Provided data:
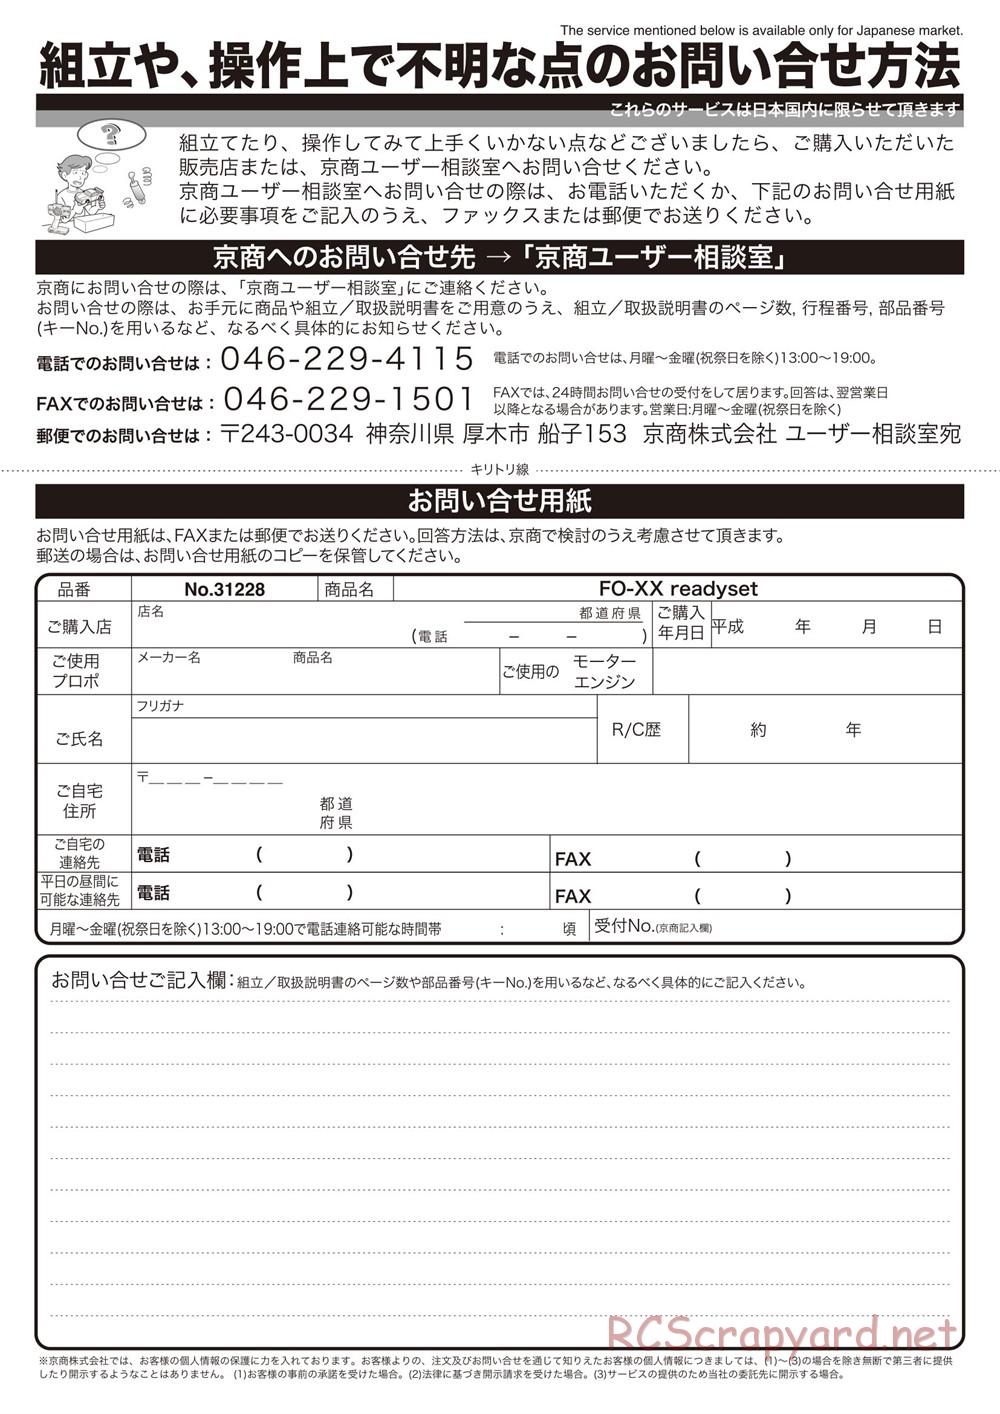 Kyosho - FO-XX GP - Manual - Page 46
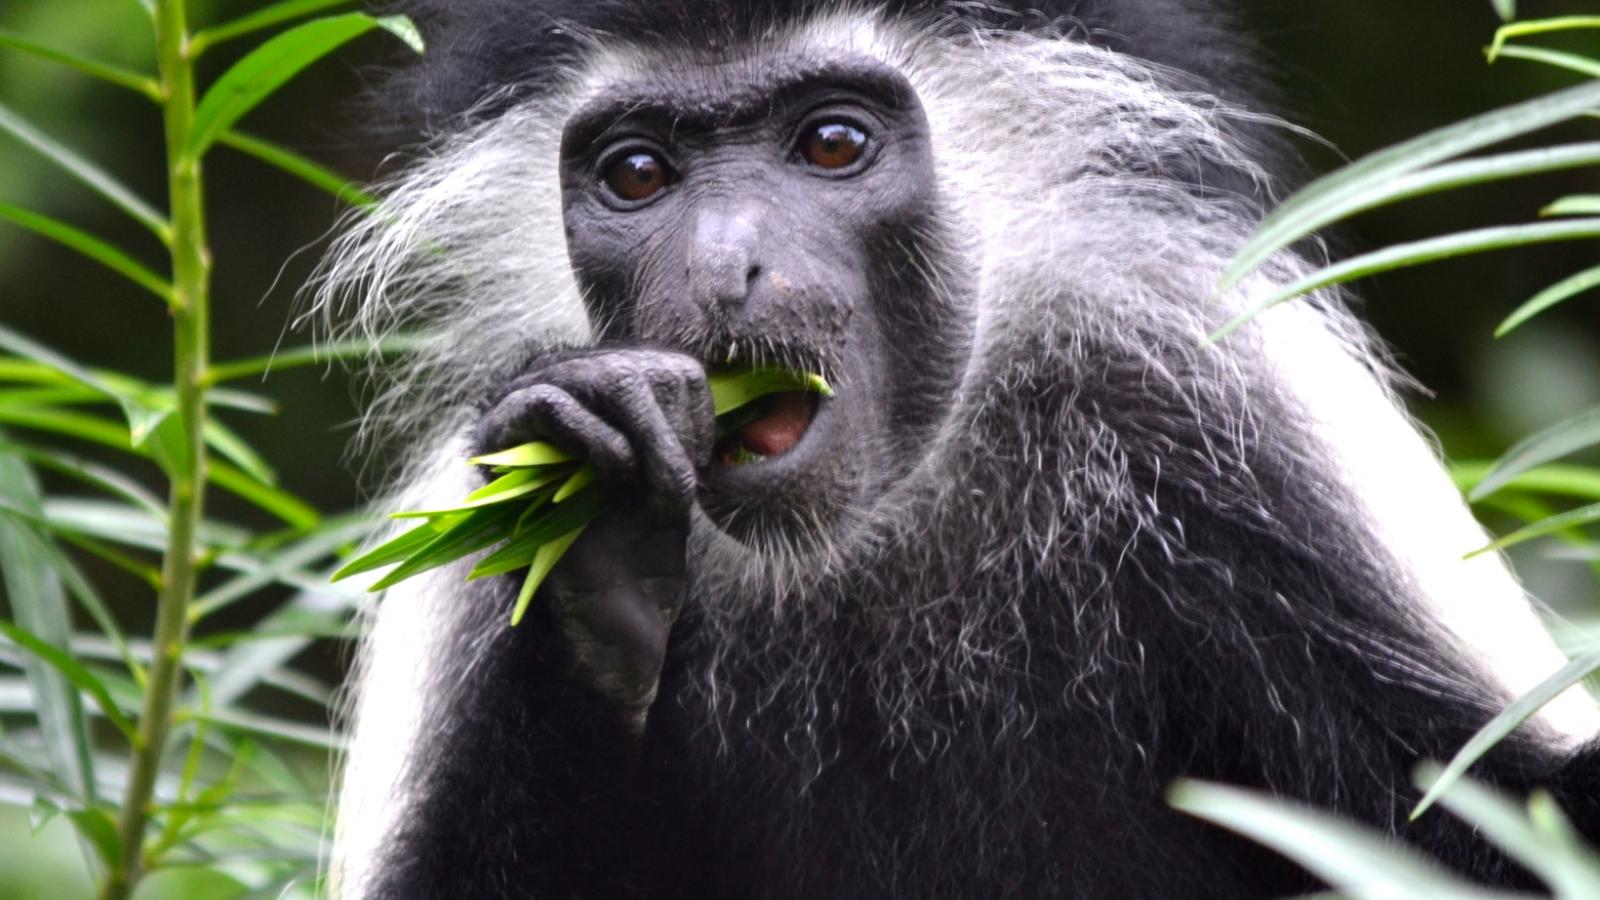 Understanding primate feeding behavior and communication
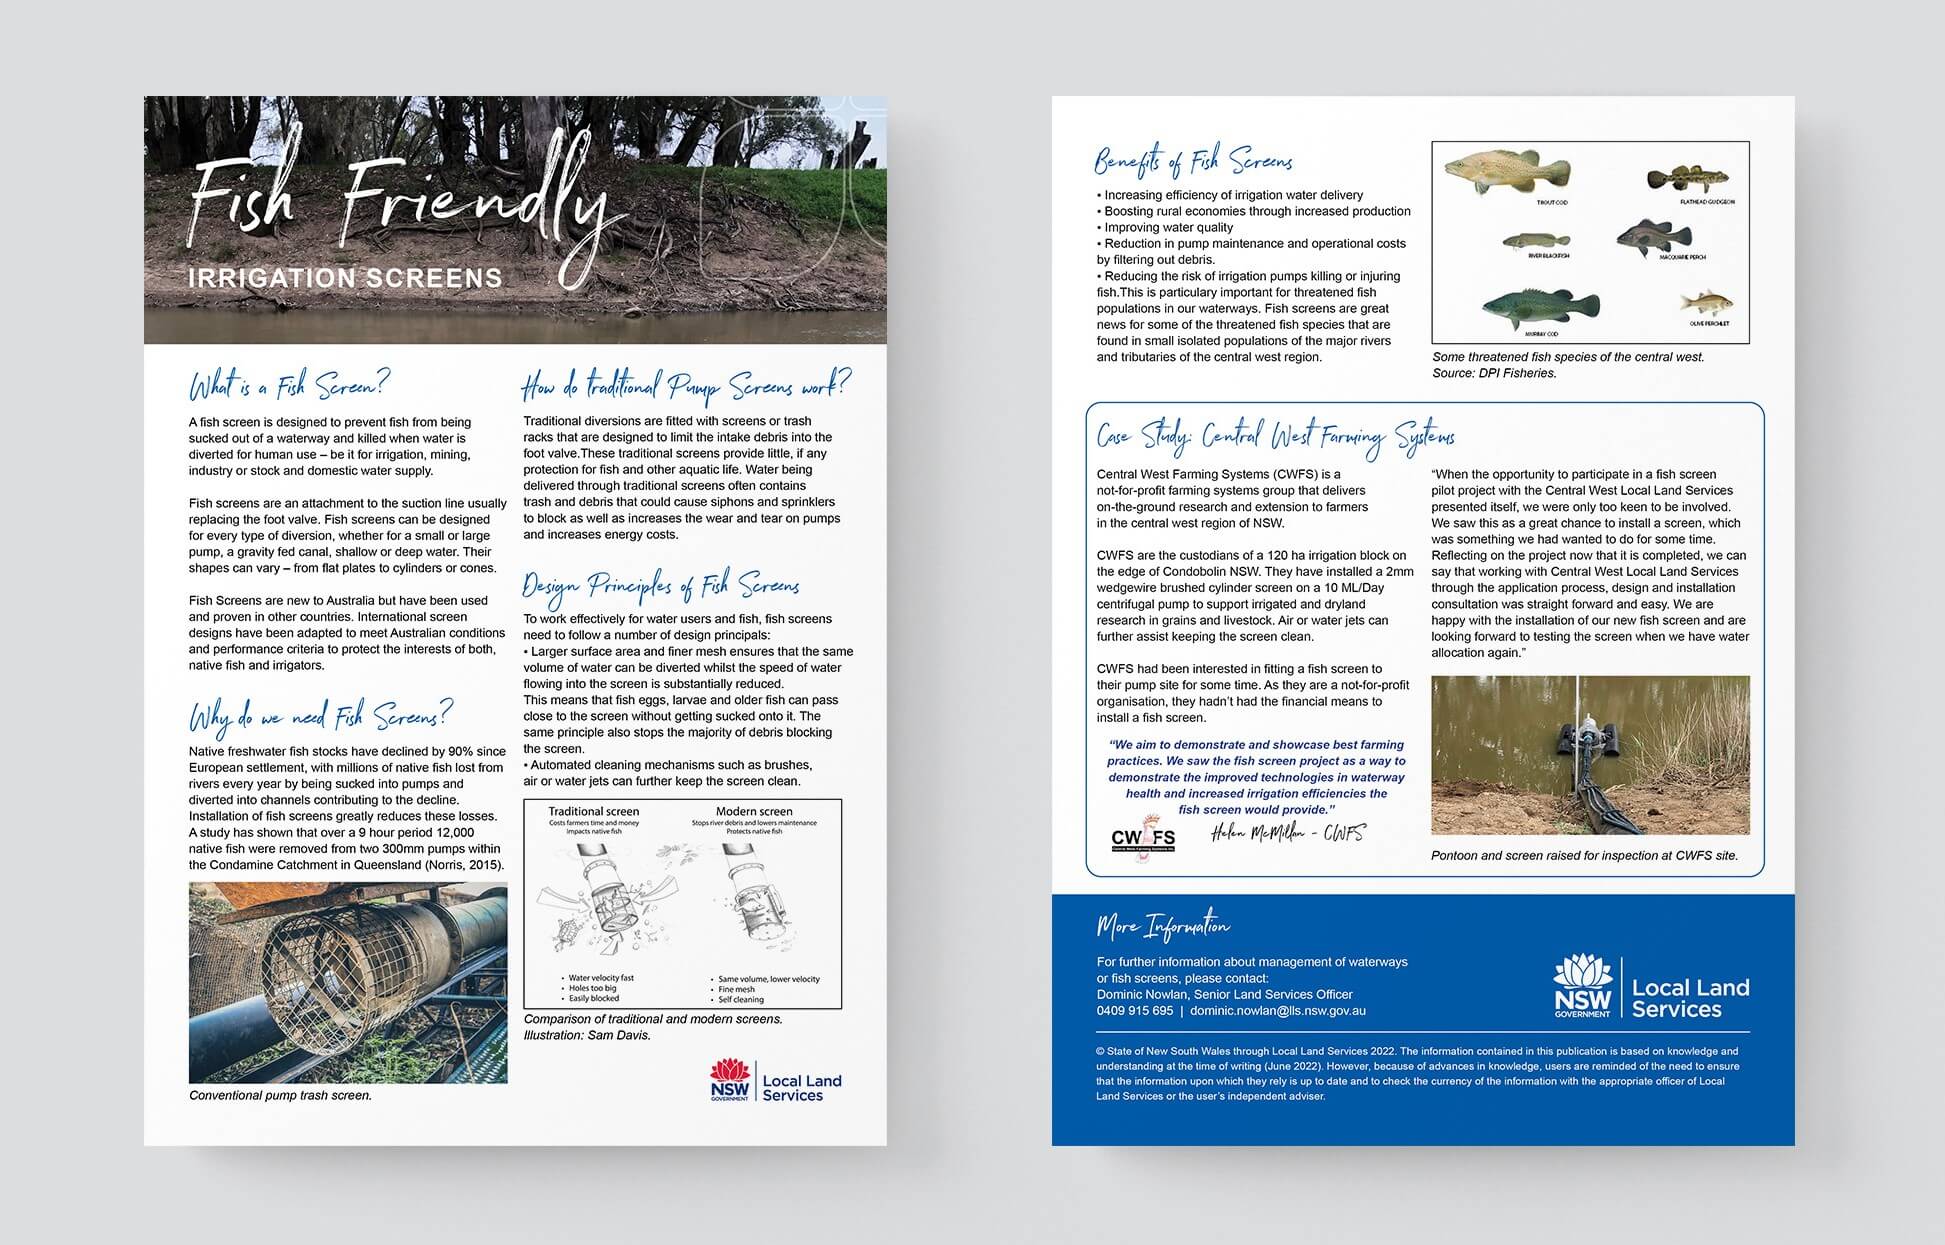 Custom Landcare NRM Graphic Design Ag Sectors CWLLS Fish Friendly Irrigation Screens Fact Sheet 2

Problem statement: The expected output is every line of the data, unchanged, with the pictures skipped.

Answer section:
 Kyosho - FO-XX GP - Manual - Page 46
 Understanding primate feeding behavior and communication
 Custom Landcare NRM Graphic Design Ag Sectors CWLLS Fish Friendly Irrigation Screens Fact Sheet 2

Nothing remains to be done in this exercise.